7. Analyses et critiques

Du fait que c’est un document encore très nouveau, on commence seulement maintenant à avoir les premières évaluations plus concrètes concernant les résultats de l’application des niveaux de référence du Cadre Européen Commun de Référence

pour les Langues, non seulement à travers des chiffres, comme les résultats

d’eurobaromètre dont nous avons parlé au début de ce chapitre, mais aussi à travers les différentes analyses établies par des chercheurs des domaines les plus diverses de la didactique de langues.

Nous avons déjà fait référence dans cette étude à un colloque international de la Fédération Internationale de Professeurs de Français (FIPF) qui a eu lieu à Sèvres entre le 19 et le 21 juin 2007, entièrement dédié aux discussions concernant le

Cadre, montrant l’intérêt que le thème suscite au sein de la communauté de

didacticiens de langues. Pendant la rencontre, plusieurs chercheurs ont présenté des résultats concrets de l’utilisation du Cadre dans différents domaines de l’apprentissage de langues, en particulier du français, soit comme langue maternelle, étrangère, seconde ou sur objectifs spécifiques.

7.1 Cadre européen ou mondial ?

Une des premières choses qui attirent l’attention est sans doute la dimension que ce document a atteinte. Même en considérant qu’il a été conçu pour une application à niveau européen, ce qui a signifié une augmentation progressive du nombre des pays au fur et à mesure de leur entrée dans la communauté européenne, son domaine d’influence a sans aucun doute dépassé les frontières de l’Europe, pour arriver jusqu’au Brésil, pays qui en principe n’a pas de relations étroites avec le continent européen à propos des questions éducatives.

Selon Mohammed Miled (2007), lors de son intervention « Quelle est la place du CECRL dans le champ du FLS ? », le Cadre ouvre tout au long de son texte les possibilités d’un élargissement considérable de son champ d’action, particulièrement lorsqu’il utilise des expressions comme « Les utilisateurs du Cadre de Référence envisageront et expliciteront selon le cas… », où le terme « selon le cas » permet une adaptation plus ample que celle qui a

été imaginée au moment de la conception du document. Cette idée est partagée par Daniel Coste (2007a : 03), lorsqu’il affirme que

« Le Cadre de Référence est modulable, malléable, multiréférentiel, comportant de nombreux paramètres ajustables et c’est en contexte qu’une valeur est attribuée à chacun de ces paramètres, qu’un profil est établi, que des standards et des seuils indicateurs sont éventuellement fixés. »

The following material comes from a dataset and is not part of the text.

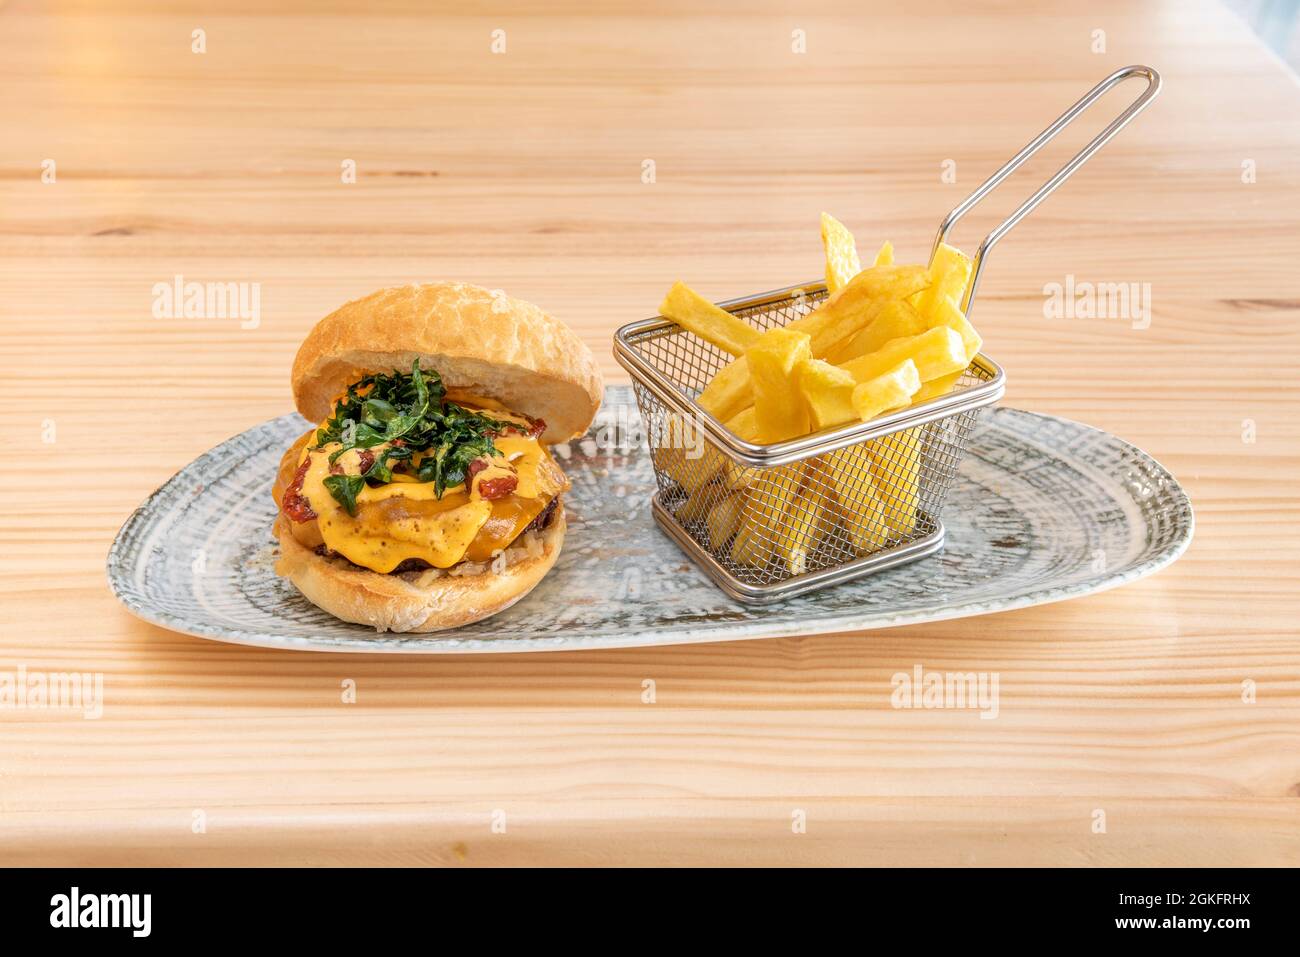 Spektakulärer Rindfleischburger mit viel Käse, gebratener Rucola und italienischer dehydrierter Tomate mit einer Portion Pommes als Beilage auf einem Holztisch Stockfoto

Ces voies ont donc permis une reprise du texte en différents contextes, de manière très rapide et importante, à tel point que la majorité des chercheurs soulignent l’importance de prendre des précautions devant la possibilité d’utilisations indiscriminées des préceptes du Cadre. Miled (2007) même souligne qu’il convient d’éviter sa sacralisation, la « cadrôlatrie » selon les mots d’Evelyne Rosen (2007), ainsi qu’une application automatique de l’outil, qui doit être adapté aux différences sociolinguistiques de la région où il sera appliqué, par exemple. Un autre problème fait référence aussi à une possible utilisation directe de l’échelle des niveaux de référence, qui a été proposée pour des apprenants de langues étrangères et non pour ceux qui ont un contact constant avec la langue, comme c’est le cas de la langue seconde.

La question qu’on se pose donc est si les propositions du Cadre, concernant particulièrement la politique et la planification linguistiques, servent à tout le monde, de n’importe quel pays, dans n’importe quelle situation sociolinguistique. Les opinions sont diverses et parfois controverses, sans une réponse effective, mais à partir de certaines expériences, il existe une tendance à répondre de façon affirmative à cette interrogation. L’argument généralement utilisé pour l’affirmer est que le Cadre remplit un vide méthodologique et une standardisation évaluative exigée par la mobilité.

En ce qui concerne la nécessité d’une standardisation évaluative, l’argument est bien acceptable, car les facilités de mobilité actuelles ne sont pas restreintes à la situation géographique et économique de l’Europe, mais du monde en général. L’évolution technologique a fait qu’il est beaucoup plus simple et rapide de voyager à l’étranger aujourd’hui, permettant un contact beaucoup plus grand et constant entre les gens de différentes nationalités, qui se déplacent plus constamment pour aller étudier ou travailler ailleurs. Cette mobilité exige la connaissance d’une langue étrangère et sa conséquente maîtrise. Une standardisation de ces examens à niveau mondial faciliterait donc cette réalité, comme le montre Coste (2007a : 06)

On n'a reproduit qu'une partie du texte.